BOOK: A Colourful Death: A Cornish Mystery
9.91Mb size Format: txt, pdf, ePub
ads

Nick reflected. For a moment, Megan was afraid he was going to be stroppy, but apparently he decided the moment had come to tell his side of the story.

“Since, presumably, you’re by now aware that Geoff must have died hours before Jerry Roscoe arrived—Sergeant Roscoe, if you prefer—I suppose yesterday morning would be the place to start. I was in London, had been there for a few days. I had a business appointment in the morning—”

“Who with?”

“Mr Alarian, of Alarian Galleries, in Albemarle Street.”

“Time?”

“Half ten. I got there a bit early, actually, but the place didn’t open till then so I hung about outside. You see, he—”

“I don’t need to know your business, Mr Gresham. Not at present, at least. How long were you with Mr Alarian?”

“An hour? About that. It was about noon when I phoned from Paddington.”

“Phoned who?”

“I tried Eleanor’s number—Mrs Trewynn—but she wasn’t at home.”

“Pity! Not that there’d be much hope of Mrs Trewynn knowing what time she talked to you, if she had.”

“Ah, but then I rang up Mrs Stearns. I shouldn’t think you could ask for a better witness than Mrs Stearns.”

“True,” Scumble admitted grudgingly.

“I told her the time my train was supposed to arrive at Launceston, just in case Eleanor might be collecting in that direction that afternoon.”

In the sure and certain belief, Megan translated to herself, that Aunt Nell would pick him up at the station.

“And I also rang Stella—Stella Maris, or Weller, whichever you prefer. She was taking care of my place. I sell her stuff for her in exchange for her taking over now and then, giving me a break.”

“So your relationship with Miss … Maris was a business one.”

“Yes. Well … yes.”

Scumble pounced. “
Well
?”

“She was a friend of mine. I did once think—Oh lord, there’s no way to say this without sounding a complete creep.” Nick glanced at Megan, who pretended she didn’t notice and kept her eyes on her notebook.

“Get on with it,” the inspector said impatiently. “Pencarrow’s a police officer, not a little old lady.”

“I wouldn’t tell you if it weren’t that Stella’s gone and landed me in the sh—in this mess. She did once gave me the come-on—what they used to call a come-hither look, but considerably more explicit. After I made it clear I wasn’t interested, she was a bit snotty for a while, and things were never quite comfortable between us after that. On my side, at least.”

“Are you a homosexual, Mr Gresham?”

“I can’t see what that has to do with anything, but no, as it happens, I’m not.” Nick’s tone of mockery returned. “I’m just saving myself for the right girl. Besides, being propositioned by Stella is not particularly flattering.”

“Oh?”

“I don’t care if Miss Pencarrow is a police officer or the man in the moon, I’m not going to elaborate. I shouldn’t have said that. Spiteful, and irrelevant.”

“All right, we’ll leave it at that. For the moment. When you phoned Miss Maris yesterday, what did you say to her?”

“I told her I’d be home that day, probably before closing time, possibly later.”

“So you didn’t tell her exactly what time?”

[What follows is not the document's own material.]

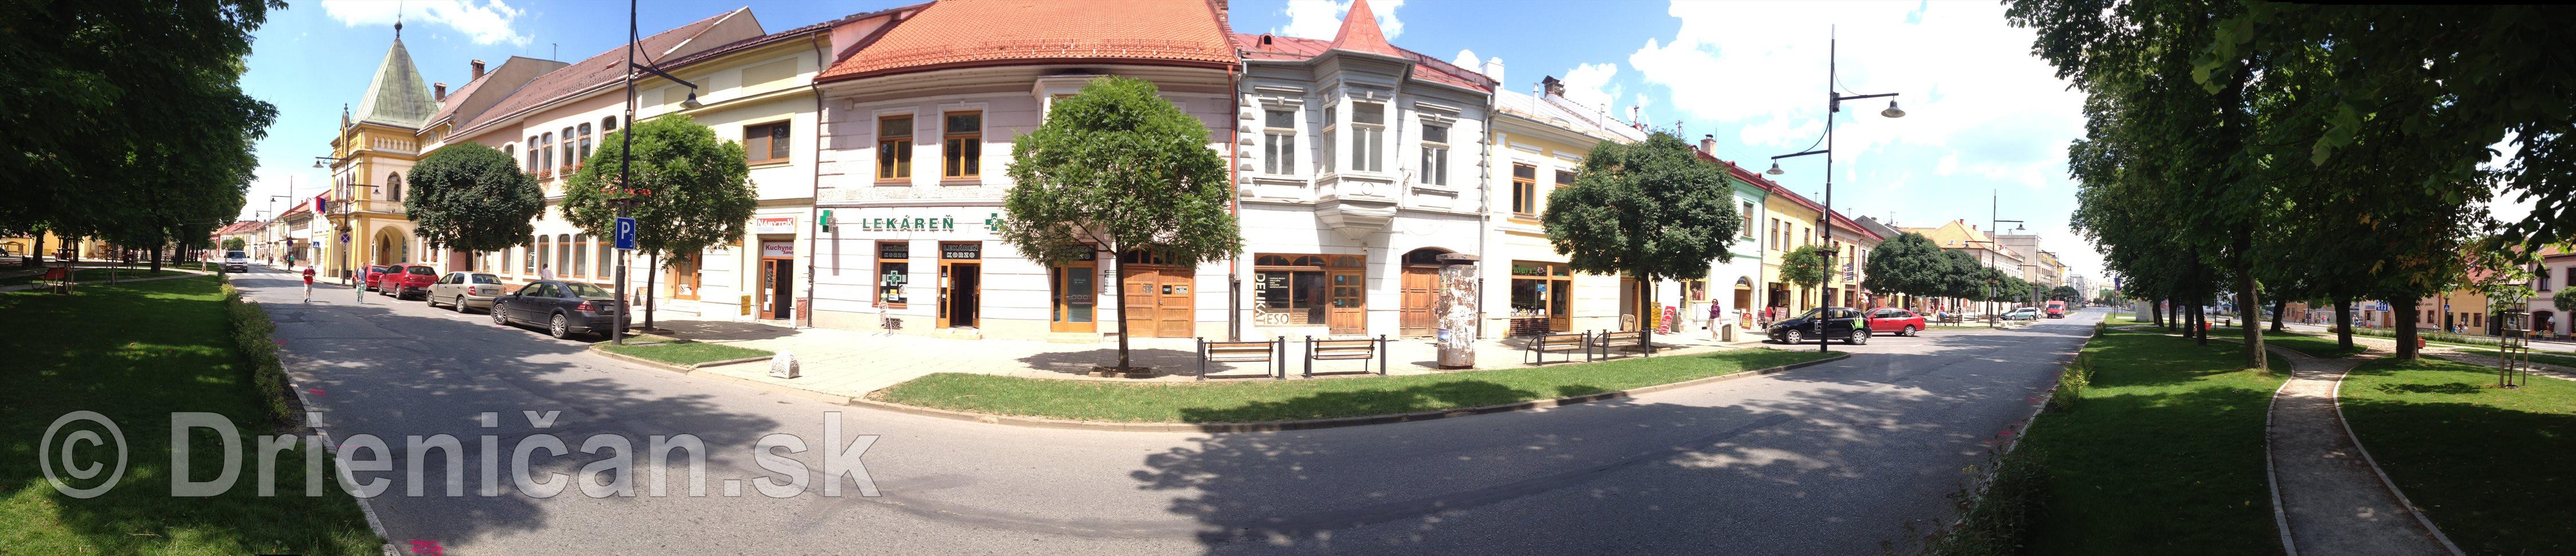 Panoráma mesta Sabinov

“I probably gave her the time the train reached Launceston. I expect I did, but I couldn’t swear to it. I couldn’t say when I’d reach Port Mabyn because I didn’t know whether Mrs Trewynn would pick me up or if I’d have to hitchhike or bus it.”

“Anything else?”

To Megan’s surprise, a slight flush tinged Nick’s cheeks. She wouldn’t have thought him capable of blushing, in spite of his reluctance to state outright that Stella Maris was promiscuous.

“As a matter of fact,” he said self-consciously, “I passed on some good news about my business with Mr Alarian.”

“Good news? Elaborate, Mr Gresham, if you will.”

“I’m sure Stella told your colleagues, and I can’t believe they didn’t pass on to you something so material to their imaginary case against me.”

Scumble’s comparative mildness vanished. “In this case,” he snarled, “you can take it from me that I do not have all the information I ought to have. What’s more, you should be damn glad I’m not swallowing what little I’ve been given. What good news?”

Nick’s blush deepened. “That Alarian’s interested in my work. He’s actually going to hang a couple of paintings. It’s rather a prestigious gallery. Of course, he’s a friend of Eleanor’s…”

He really had been “brought up proper,” Megan thought, if he was bashful about touting his own accomplishments. Rather old-fashioned, in spite of his pony-tail and sandals.

“Mrs Trewynn again! Popping up everywhere. It beats me how Pearce managed to overlook her.”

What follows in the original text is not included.